I also think that goes for dog parks in general, constant vigilance, looking for possible asshole dogs/owners. If you’re upfront and honest with people that you have a newly adopted dog, every good owner will give you a pass. We’ve all been there!
I have been thinking about your post for a while, and I just want to echo what everyone else has said – you guys are going to be fine! Your story reminds me a of a good friend of mine. She got a dog a few years ago from a shelter – dog was about the same age as Bella (less than a year). He was an absolute doll, but had some definite behavioural issues that displayed themselves while playing. She and her boyfriend were not dog people, but they talked to friends who knew and consulted books and the dog now is an angel. Now, I don’t know how to train a dog (my parents always took care of that when we I was growing up, and I am now a cat owner…), but I just wanted to reiterate you guys can do it! Dogs are easy – you can at least train them to listen to you! Now, getting cats to stop trying to eat your Mac cables – that is hard!
You’re right in your next post about thinking she’s part hunting dog. My dog is a blue heeler/sharpei cross and when she’s in a mood, she won’t let the neighbor kids out of the yard to walk to school. She never bites hard, never really bites at all, just mouths at their ankles and gets their attention.
I’m a bit late to the party but want to reassure you.
Unlike children (or maybe like children, but condensed), the HARD PART is all at the beginning with dogs. The reason this is hard right now is only partly because you’re a total dog noob. The other part is because that’s the nature of it. You put in the time and the hours at the beginning and it will pay off in spades for many years.
Since you don’t have the money for a trainer, I would suggest you consult a book. We used one by the (New York?) monks who raised German Shepherds and it was a great start.
I know that Cesar Milan is very popular now, but I don’t have a lot of confidence in his techniques as applied by a newbie. The monks’ book was totally written for newbies.
Here’s the monks: http://www.newskete.org/newsketedogs.html
Here are their books, though they will certainly be available at your library for free.
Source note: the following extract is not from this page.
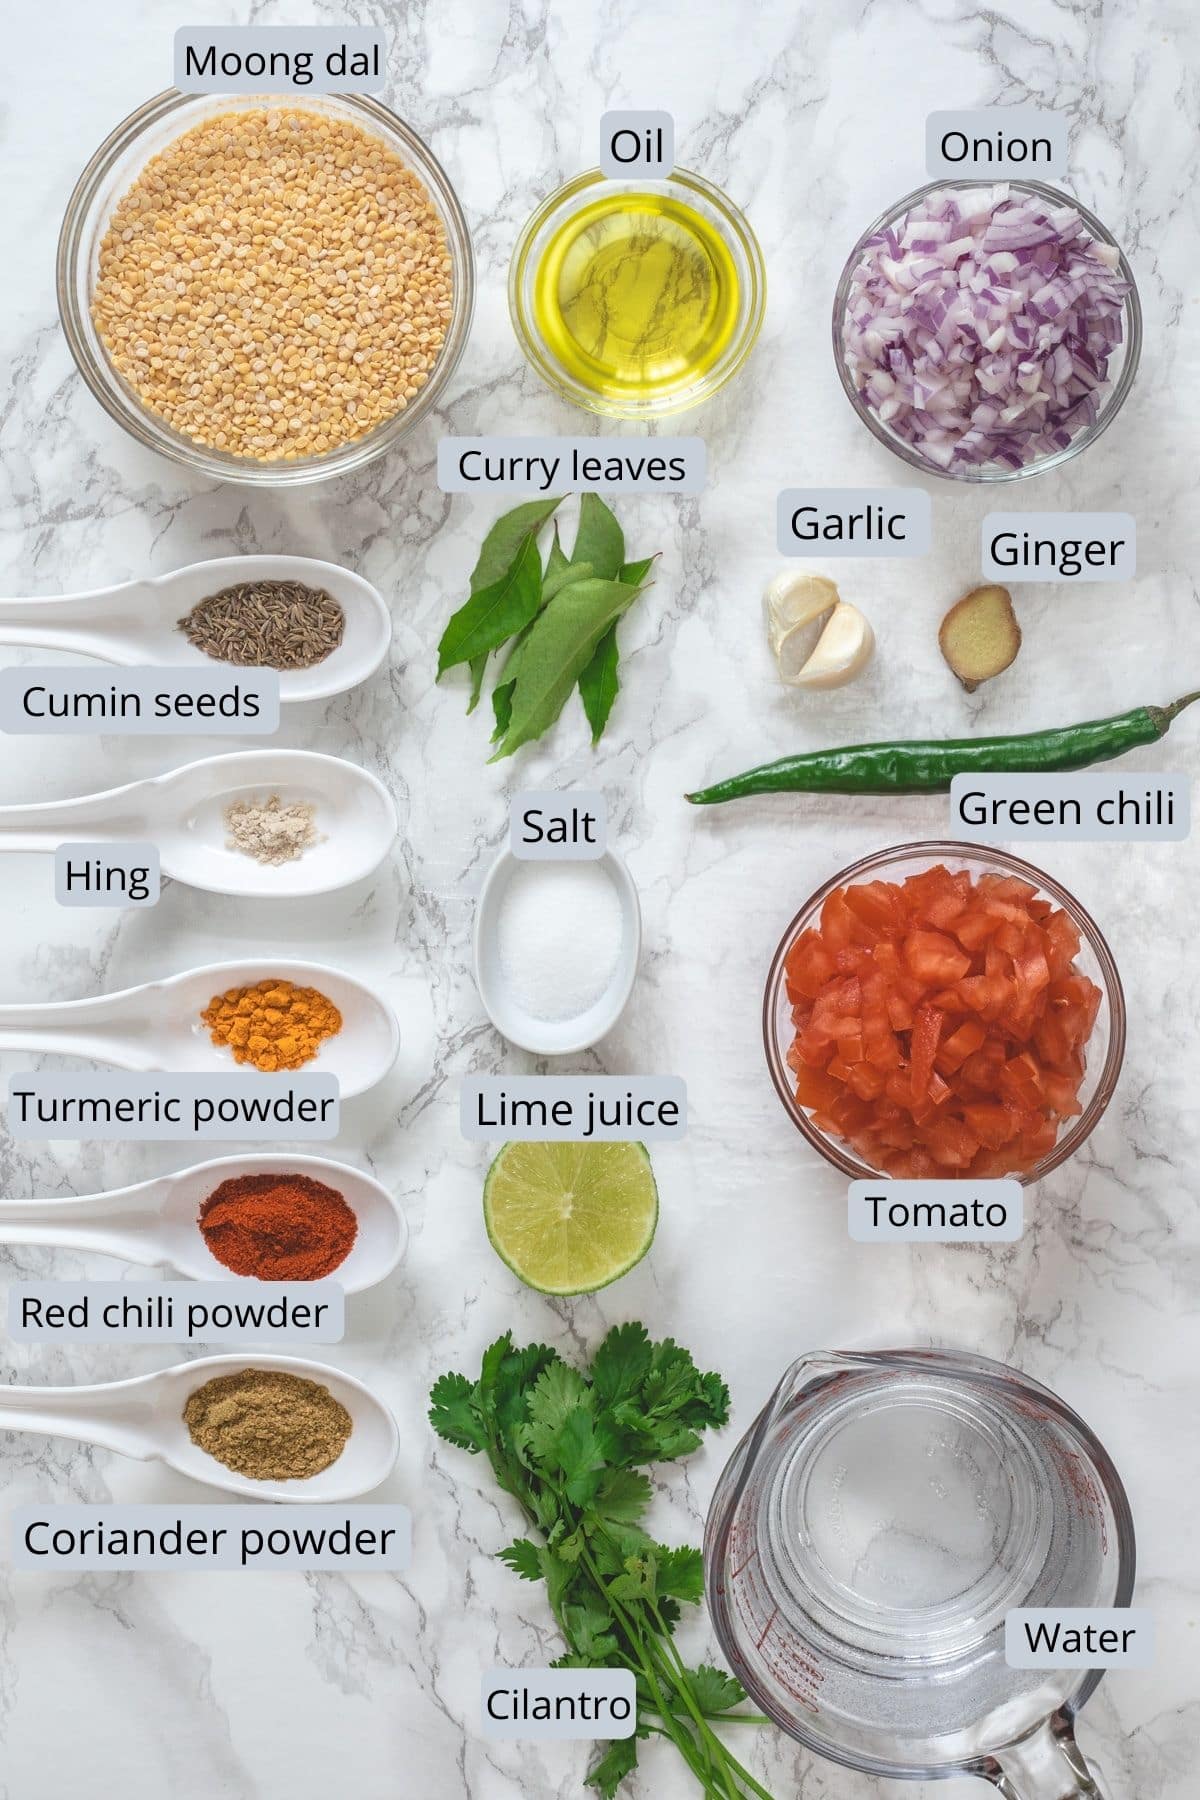 Ingredients used for moong dal with labels on marble background.

I found a wandering border collie last night (now, thankfully reunited with his owner after a 12 day, 150km journey owing to a microchip) and I will say this: they are a lot of dog. He’d been on the road for more than a week and covered a lot of distance, not eating well and all he wanted to do was PLAY! PLAY MORE!
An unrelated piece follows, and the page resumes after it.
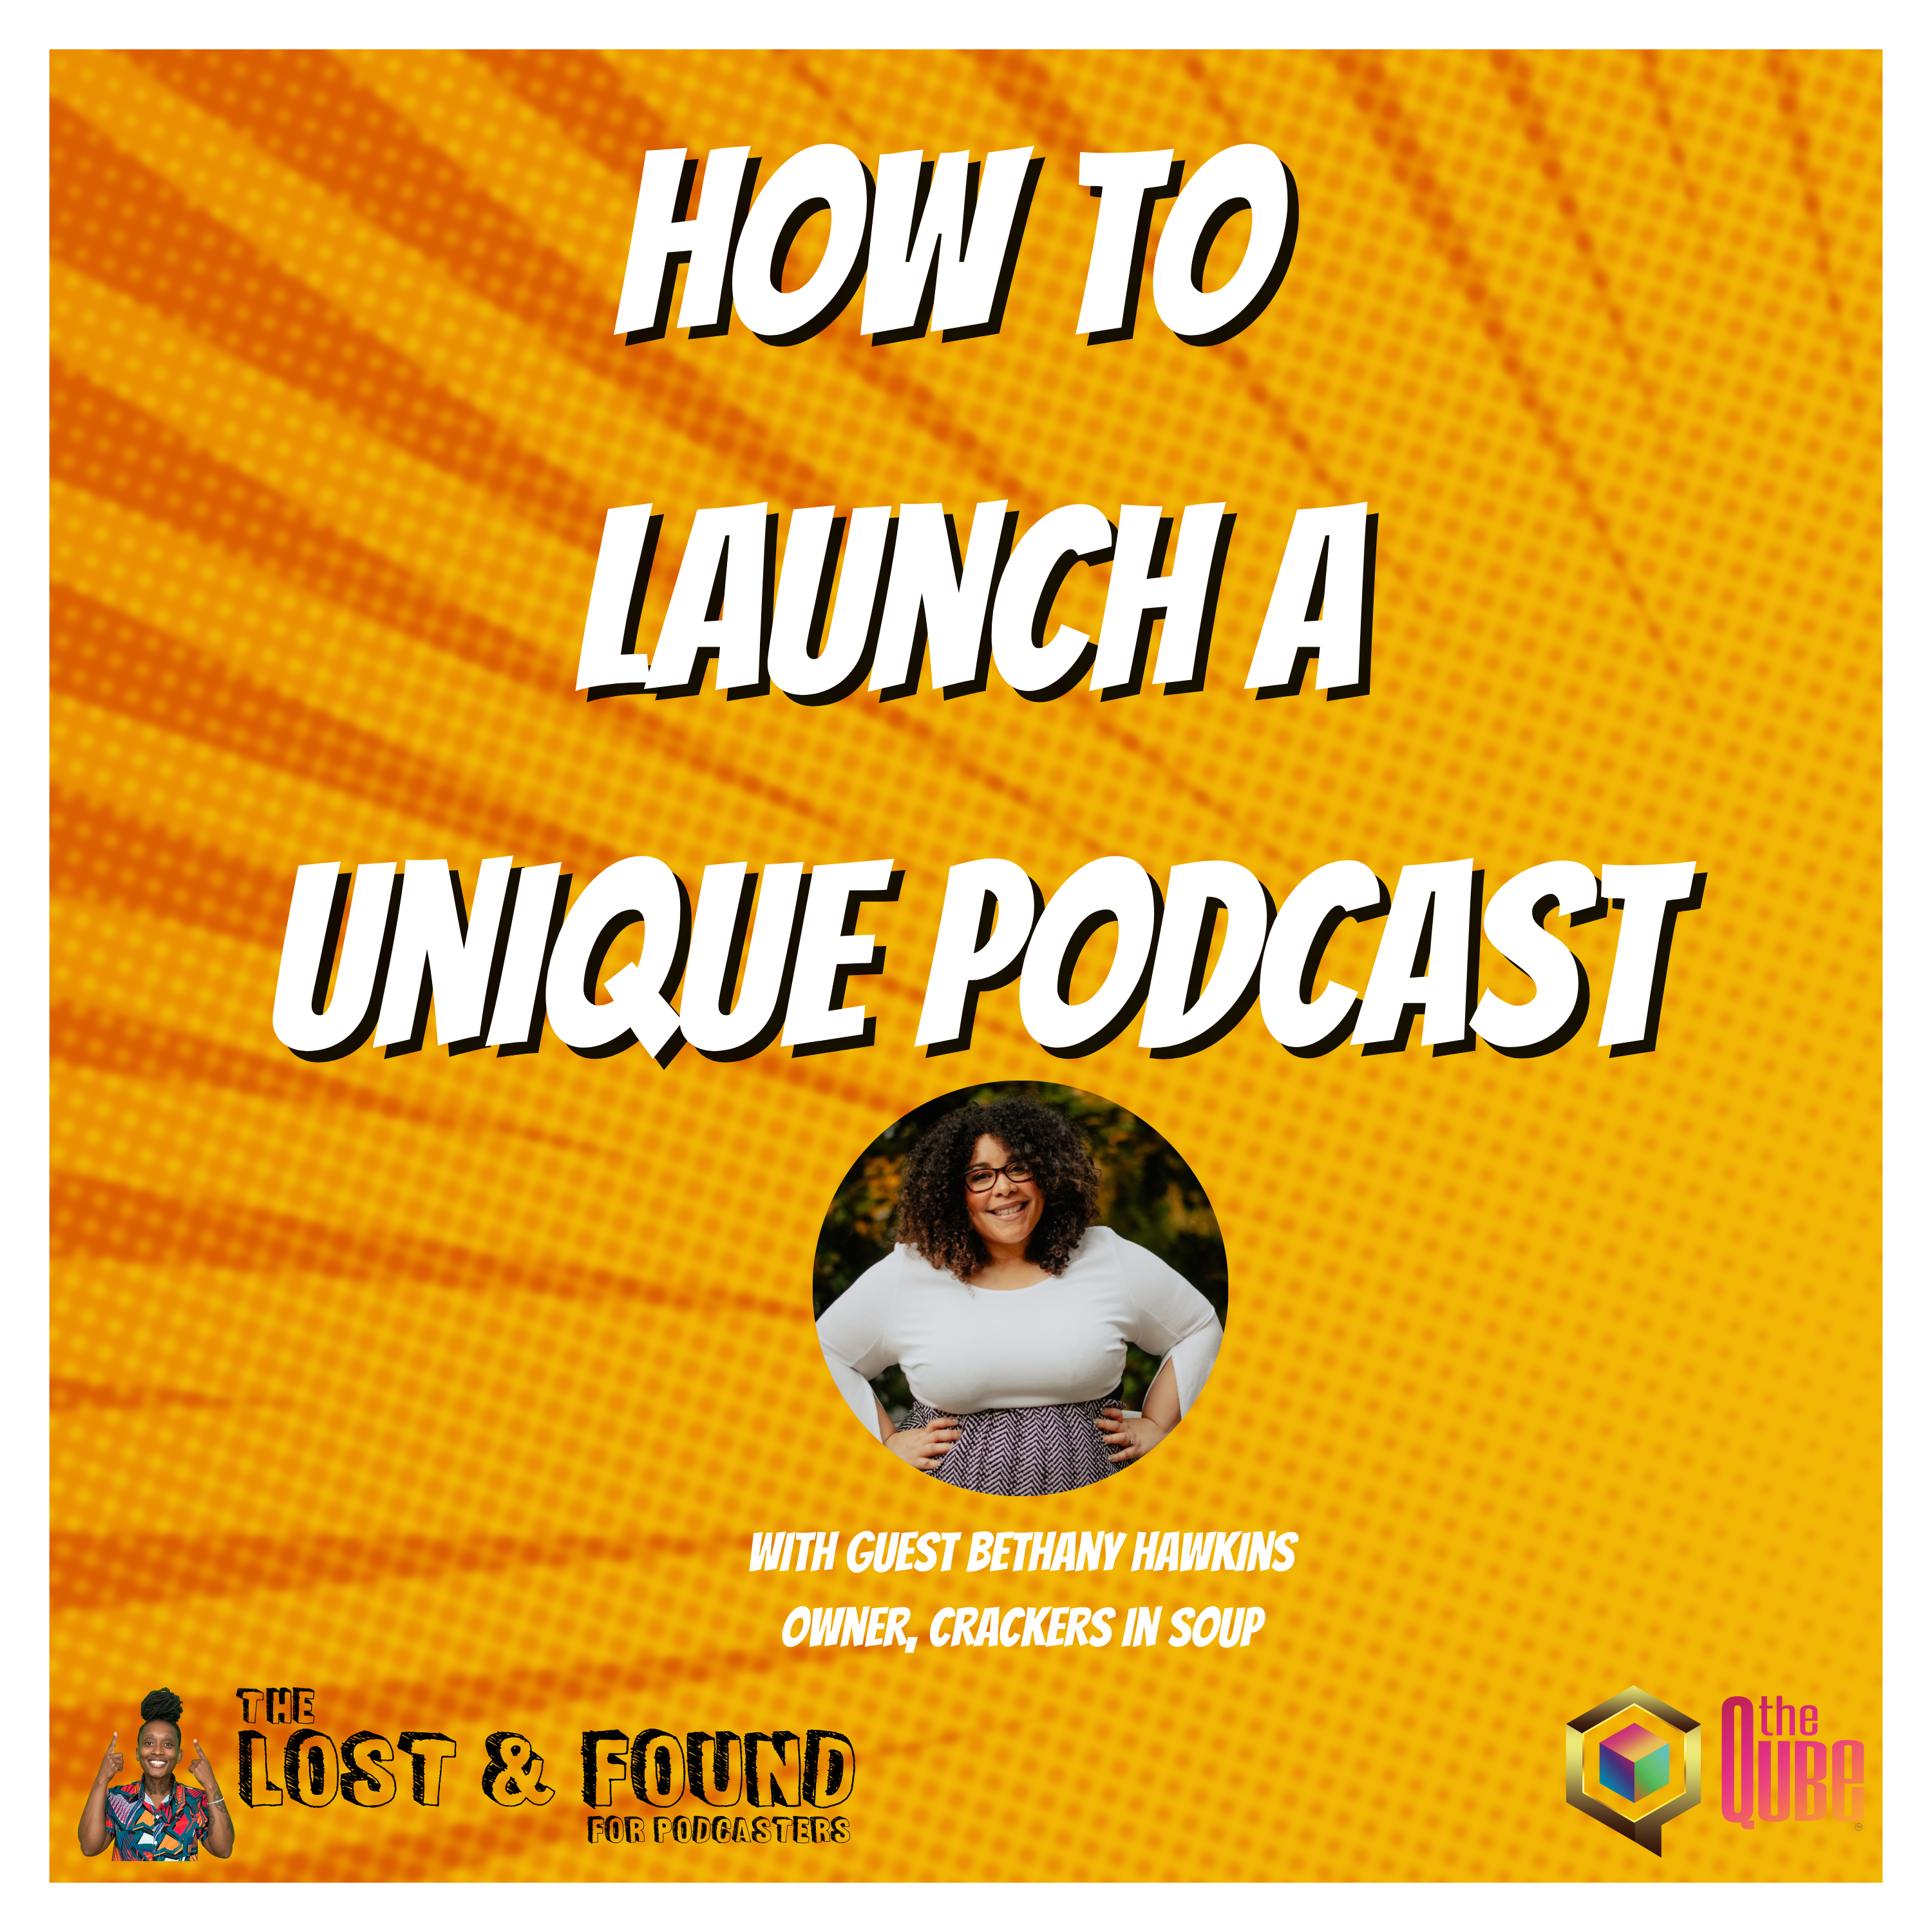 How to Launch A Unique Podcast

I told my SO ‘if we can’t find his owner, we’re joining an agility team. This dog needs to work.’ But he was a beauty – gentle, smart, attentive. You and Bella and your family are going to be fine. Better than fine.
It’s just the beginning that’s hard work.
Thank you! You know, I just bought a 200 pair of boots. (Lollipop sales. Zappos REALLY shouldn’t accept PayPal.) I’m going to find the money to hire a trainer for a few sessions. Priorities! Bella deserves it. We all do.
instead of targeting several trainer sessions, i’d suggest starting with one trainer session and signing up for a group class.
a single session fixed maybe 70% of henry’s problems, and set us on the path to another 10%. we haven’t done the group training yet, but we want to — the last few problems he has are all on-leash ( except for going through the trash when I go on a run ).
in our area, trainers run $100-150 for a 90minute session. there are a handful of places that offer group classes that end up around $50 a week for 4-6 sessions.
the more bella plays with other pups, the better she’ll be at home too. they really learn how to playfully bite one another at the park – it’s been much easier teaching henry what not to do with humans from the reference point of how he’s learned to play with other dogs, than it was when we first got him.